The Vaal River operations struggled, as I mentioned a moment ago, with 31 full days of production, and that's by mine, not for the total division, stoppages across the region hitting our port hard even in comparison with previous quarter, which was disrupted by the industry-wide strike. All 3 mines registered double-digit percentage drops in output, but nonetheless managed good cost containment under tough circumstances.

The output of uranium, principally a by-product in the Vaal River's gold production, showed a 12% drop from the previous quarter, largely due to the mining volumes for the region, lower mining volumes for the region.

For the year, production was 1.38 million pounds and a processing cost of $26.68 per pound.

Given the average received price in 2011 of $54.69 a pound, it's clear that this is a highly profitable [indiscernible], which will increase importance as recoveries and tonnages expand in coming years.

I'll now hand it across to Venkat to take you through the financials before taking you back to the projects and our exploration activities.

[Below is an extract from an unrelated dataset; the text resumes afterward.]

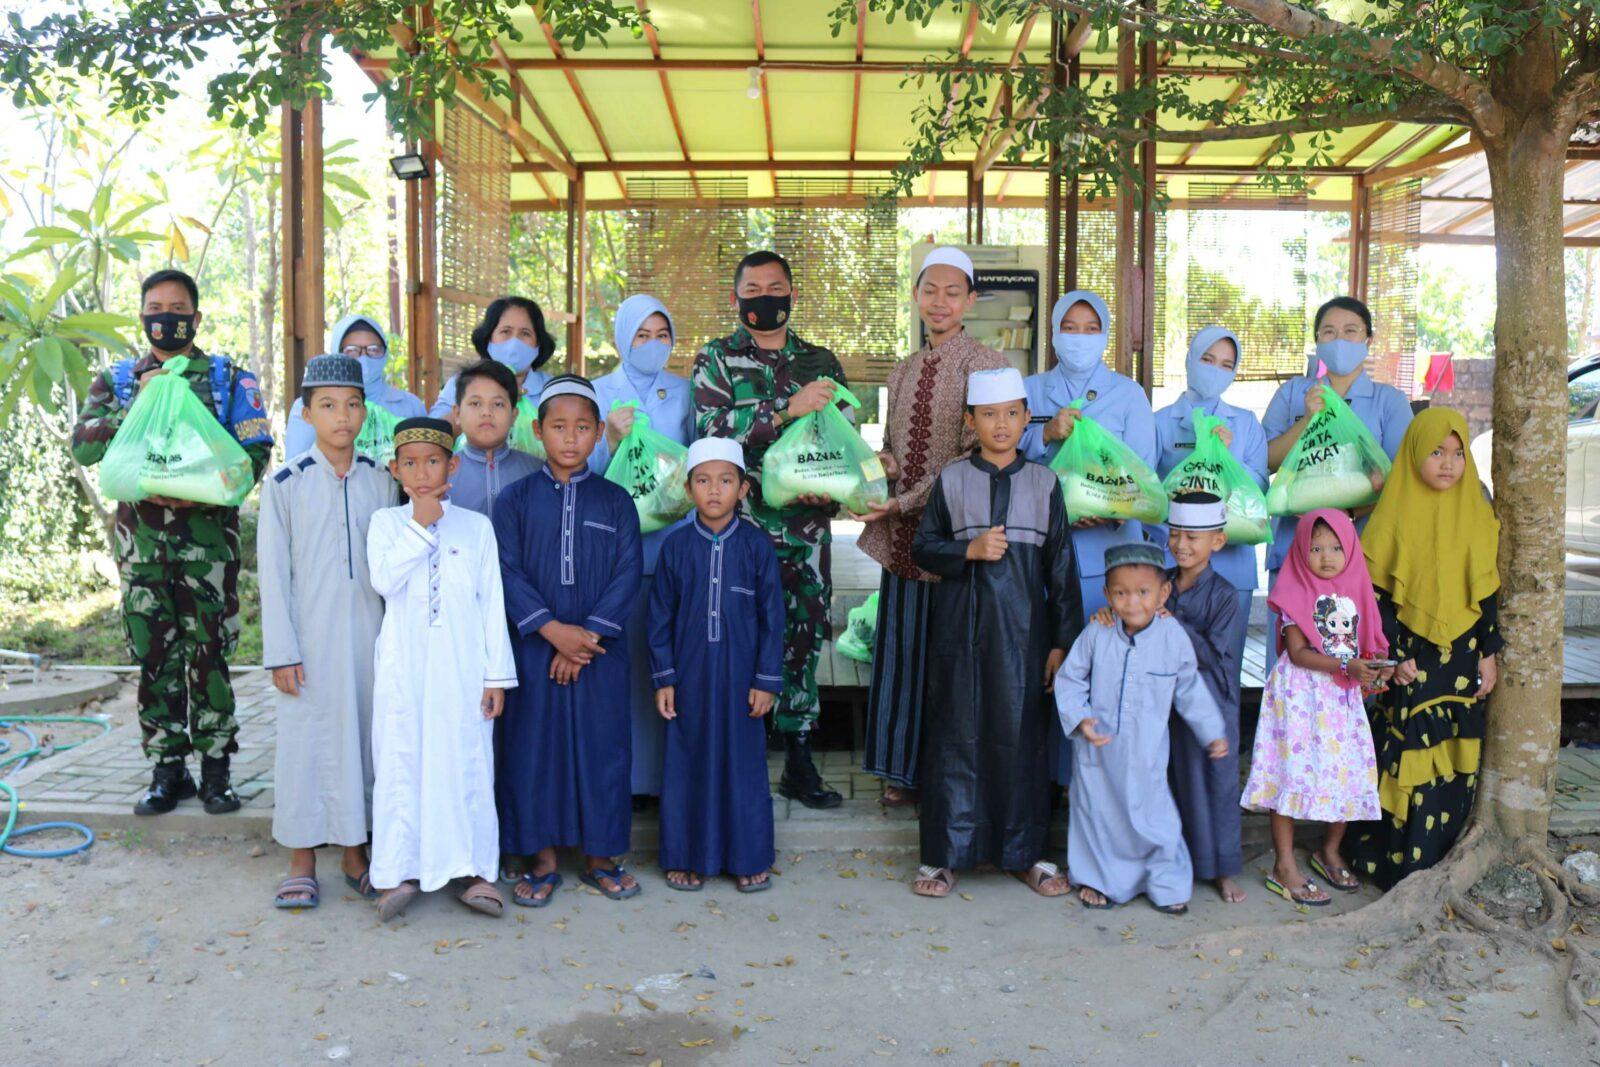 Berbagi dan Saling Peduli Antar Sesama , PIA AG Cab.11/D.II Lanud Sjamsudin Noor Anjangsana Ke Rumah Anak Yatim Ar-Rohman Banjarbaru

Srinivasan Venkatakrishnan

Thank you, Mark. Good morning, ladies and gentlemen. I'll be covering the following 4 areas in today's presentation, starting with the fourth quarter financial results, and then full year financial results, moving onto free cash flow and balance sheet, and then concluding with the outlook for 2012.

Starting with the fourth quarter financial results, adjusted headline earnings of $295 million for the fourth quarter were adversely impacted by the following 3 factors, all of the amounts post-tax: lower spot prices as compared to the previous quarter and higher unit cash cost, $42 million; profit lock-up in higher levels of unsold gold at the quarter end, $8 million; and as Mark mentioned, annual reset of environmental rehabilitation provisions of $105 million.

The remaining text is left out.